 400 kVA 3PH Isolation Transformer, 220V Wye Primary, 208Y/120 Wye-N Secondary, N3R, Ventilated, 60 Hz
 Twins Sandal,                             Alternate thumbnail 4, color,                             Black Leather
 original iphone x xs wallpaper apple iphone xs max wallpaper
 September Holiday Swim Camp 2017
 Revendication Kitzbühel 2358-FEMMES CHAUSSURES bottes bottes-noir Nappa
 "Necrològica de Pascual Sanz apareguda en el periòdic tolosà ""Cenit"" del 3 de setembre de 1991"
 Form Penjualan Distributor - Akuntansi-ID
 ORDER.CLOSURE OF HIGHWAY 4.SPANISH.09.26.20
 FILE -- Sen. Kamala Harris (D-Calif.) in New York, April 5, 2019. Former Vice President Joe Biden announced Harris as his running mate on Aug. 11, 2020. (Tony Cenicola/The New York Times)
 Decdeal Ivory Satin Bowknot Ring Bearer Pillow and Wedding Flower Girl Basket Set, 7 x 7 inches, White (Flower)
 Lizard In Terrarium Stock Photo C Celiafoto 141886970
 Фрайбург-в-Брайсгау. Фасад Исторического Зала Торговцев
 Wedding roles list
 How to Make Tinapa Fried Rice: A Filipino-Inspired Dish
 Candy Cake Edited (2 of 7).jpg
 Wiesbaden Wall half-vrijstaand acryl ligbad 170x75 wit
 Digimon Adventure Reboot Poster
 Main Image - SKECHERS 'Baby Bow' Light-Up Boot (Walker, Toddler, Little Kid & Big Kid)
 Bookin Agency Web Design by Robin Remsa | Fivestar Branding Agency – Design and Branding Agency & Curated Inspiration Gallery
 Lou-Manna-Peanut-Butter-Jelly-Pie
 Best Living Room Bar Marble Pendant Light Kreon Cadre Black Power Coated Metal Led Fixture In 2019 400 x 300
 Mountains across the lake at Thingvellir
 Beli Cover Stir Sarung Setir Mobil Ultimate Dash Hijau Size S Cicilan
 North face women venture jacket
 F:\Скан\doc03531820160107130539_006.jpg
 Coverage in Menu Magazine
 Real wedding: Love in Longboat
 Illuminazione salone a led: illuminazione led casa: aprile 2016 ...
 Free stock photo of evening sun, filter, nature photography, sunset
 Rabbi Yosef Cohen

----------

▸ **THE PROBLEM**
Lines after the one containing "Lou-Manna-Peanut-Butter-Jelly-Pie" are left out; every line from the start of the entries through that line is restated word for word.

▸ **ANSWER TO THE PROBLEM**
 400 kVA 3PH Isolation Transformer, 220V Wye Primary, 208Y/120 Wye-N Secondary, N3R, Ventilated, 60 Hz
 Twins Sandal,                             Alternate thumbnail 4, color,                             Black Leather
 original iphone x xs wallpaper apple iphone xs max wallpaper
 September Holiday Swim Camp 2017
 Revendication Kitzbühel 2358-FEMMES CHAUSSURES bottes bottes-noir Nappa
 "Necrològica de Pascual Sanz apareguda en el periòdic tolosà ""Cenit"" del 3 de setembre de 1991"
 Form Penjualan Distributor - Akuntansi-ID
 ORDER.CLOSURE OF HIGHWAY 4.SPANISH.09.26.20
 FILE -- Sen. Kamala Harris (D-Calif.) in New York, April 5, 2019. Former Vice President Joe Biden announced Harris as his running mate on Aug. 11, 2020. (Tony Cenicola/The New York Times)
 Decdeal Ivory Satin Bowknot Ring Bearer Pillow and Wedding Flower Girl Basket Set, 7 x 7 inches, White (Flower)
 Lizard In Terrarium Stock Photo C Celiafoto 141886970
 Фрайбург-в-Брайсгау. Фасад Исторического Зала Торговцев
 Wedding roles list
 How to Make Tinapa Fried Rice: A Filipino-Inspired Dish
 Candy Cake Edited (2 of 7).jpg
 Wiesbaden Wall half-vrijstaand acryl ligbad 170x75 wit
 Digimon Adventure Reboot Poster
 Main Image - SKECHERS 'Baby Bow' Light-Up Boot (Walker, Toddler, Little Kid & Big Kid)
 Bookin Agency Web Design by Robin Remsa | Fivestar Branding Agency – Design and Branding Agency & Curated Inspiration Gallery
 Lou-Manna-Peanut-Butter-Jelly-Pie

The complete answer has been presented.